We should realize that the Korean extended family is a unique and precious cultural heritage that has shaped and sustained our Korean identity over millennia.

Dr. Hyun Jin P. Moon, Korean Dream: A Vision for a Unified Korea

A report in 2014 by the Pew Research center reported an increase of nearly 2 million people a year living with multiple generations in the United States during the 2007-2010 recession. More interestingly, the study revealed that the recession caused only a minor spike in an already steady growth of multigenerational living.

The nuclear family model, where a household consists of parents and their unwed children is a relatively recent phenomenon. It was only largely after WWII that it became the norm in the United States, and it is one that is currently experiencing a reversal as many are opting for multi-generational living configurations. What is more, while the nuclear family model appears to be prevalent in some developed nations, the norm in much of the world continues to be multigenerational, extended family type units.

There are many benefits to the extended family model. In his book, Korean Dream: A Vision for a Unified Korea, Dr. Moon points out some of these in his exploration of the traditional Korean extended family model. Here are four:

 

1. A Rich Web of Meaningful Relationships


An extended family includes aunts, uncles, cousins, grandparents, parents and siblings, a rich web that includes a range of generations, genders and personalities. This model has multiple benefits for everyone involved. It is an ideal place for a person to learn good values and to cultivate virtues such as respect, cooperation, self-sacrifice, sincerity, hard work, pursuit of excellence and responsibility. Passing down these values from one generation to the next happens primarily in the family and is key to successfully raising responsible, engaged citizens who strengthen the communities and societies that encircle them. What’s more, teaching respect for diversity first within the family enables each person to extend out respect and care for others in spite any and all differences.

2. Interconnected Generations


In the extended family, generations and families remain connected to each other. This connection through time provides multiple benefits. The relationships between grandparents, parents and children form the thread that connects a person to their heritage and offers a foundation for personal identity, providing a sense of pride and purpose tied to the larger whole.

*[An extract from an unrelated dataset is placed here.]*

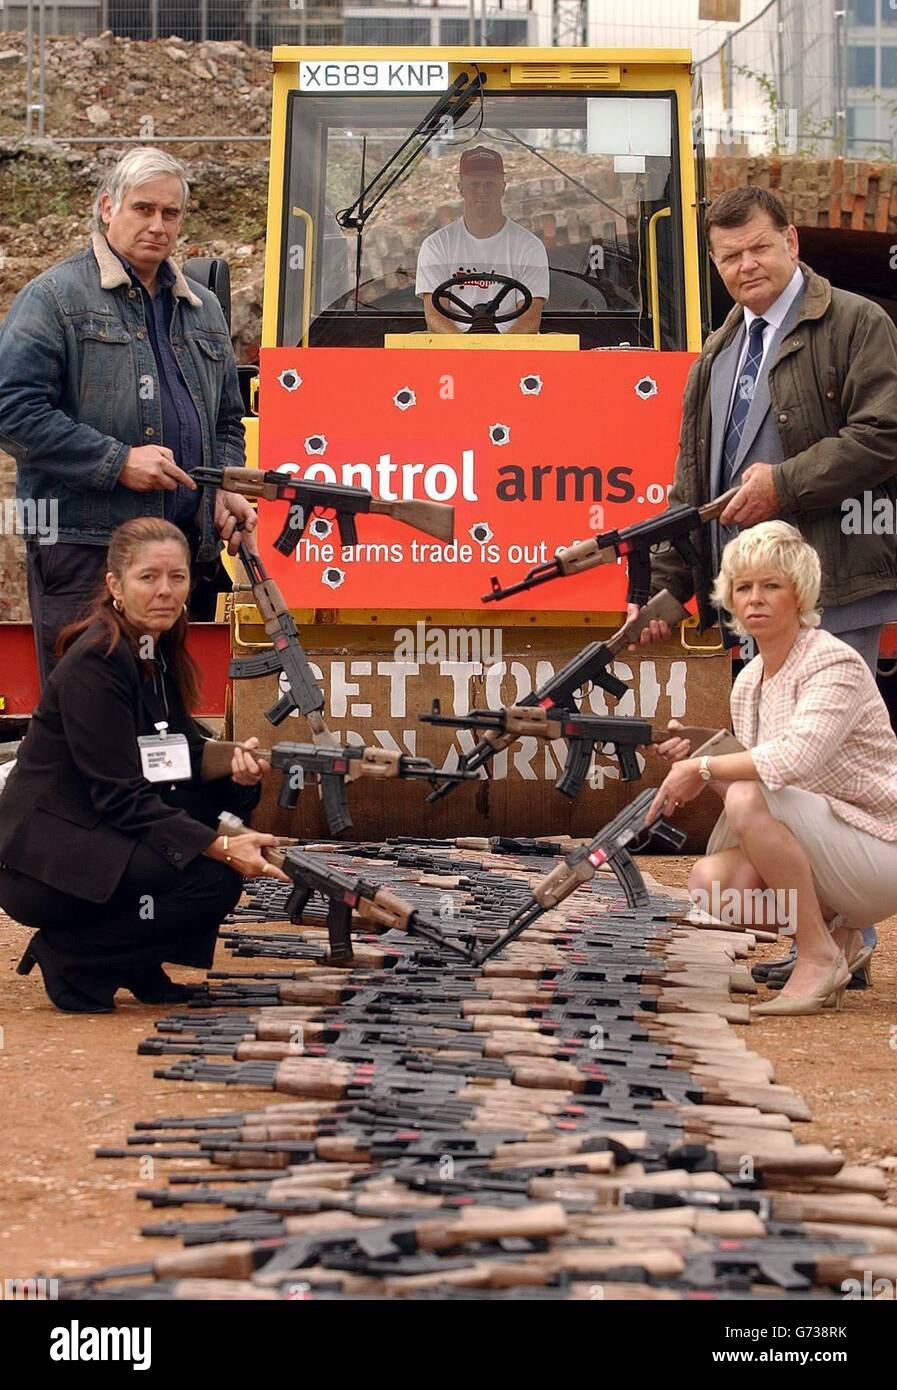 A group of four bereaved parents hold toy AK-47 machine guns, as a symbolic gesture before they are crushed in central London, to pressurise the Government to tighten controls on the arms trade. Mick North (top left) whose daughter Sophie aged 5 was killed in Dunblane in 1996, Lucy Cope (bottom left) whose son Damian aged 22 was shot dead in a London nightclub in 2002, Steve Walker (top right) whose son Andrew was shot over a disputed flat in 2001, and Jane Atkinson, whose son George aged 13 was killed by an air gun in 1999. Stock Photo

This sense of history and connection has also been shown to make children more resilient, able to overcome hardships in ways that hold valuable lessons for what we now call “fragile families” or “vulnerable populations.” This intergenerational connection allows families to make progress with every generation, not just economically, but in wisdom and tradition, gleaning from the mistakes and successes of previous generations to build for the happiness of succeeding generations.

3. Physical, Psychological and Emotional Well-Being


There have been a number of scientific studies that show that connectedness and relationships have a direct impact on the physical, psychological and emotional well-being of a person. The extended family and all its varied relationships are lasting. Trusted adults in an extended family are willing to remain connected and even when tested, such relationships can provide a strong sense of connectedness and belonging. A family can also provide the care and intervention sometimes needed to manage or cure illness and disorders.

4. Social Safety Net


The family is the most natural place to meet the needs of each of its members through the continuum of life in a loving and caring environment. From housing to childcare, chauffeuring, cooking and cleaning, physical and mental health care, education, loans, investing, and passing on important wisdom, the extended family can provide a social safety net that considers the entire person: their spiritual, emotional and physical needs, and various special circumstances. The extended family is a natural hub that can seek out the necessary professional expertise needed to care for each person in a way that government policy can only try to emulate.

It has been a little more than 70 years since the United States began its experiment with the nuclear family model; and one expert is calling for a re-evaluation of its applicability in today’s demographic landscape. It might be a good time to circle back to the extended family model and explore all it has to offer, both to the family unit and society as a whole. It may require rethinking things as mundane as zoning laws or housing programs and educational policies with a commitment to strengthening the (extended) family as a unit.

Even beyond all the benefits that the extended family has to offer to its constituent members, it is in the constantly expanding, multi-generational, dynamic extended family that we might also learn the practical lessons of how to then bring even strangers in to our definition of family. The extended family draws together through marriage and birth people who were once separate into a new, larger, ever-changing configuration of family. The realization that even strangers can become part of your family can sow the seeds of peace and inspire exciting new pathways to create shared prosperity.

The extended family becomes a stepping stone that can bridge our current realities with the vision of “One Family Under God.” In an incredibly practical way, our families can become the place where we actually imagine and bring to life a society that lives, works and loves as One Family Under God, one family at a time.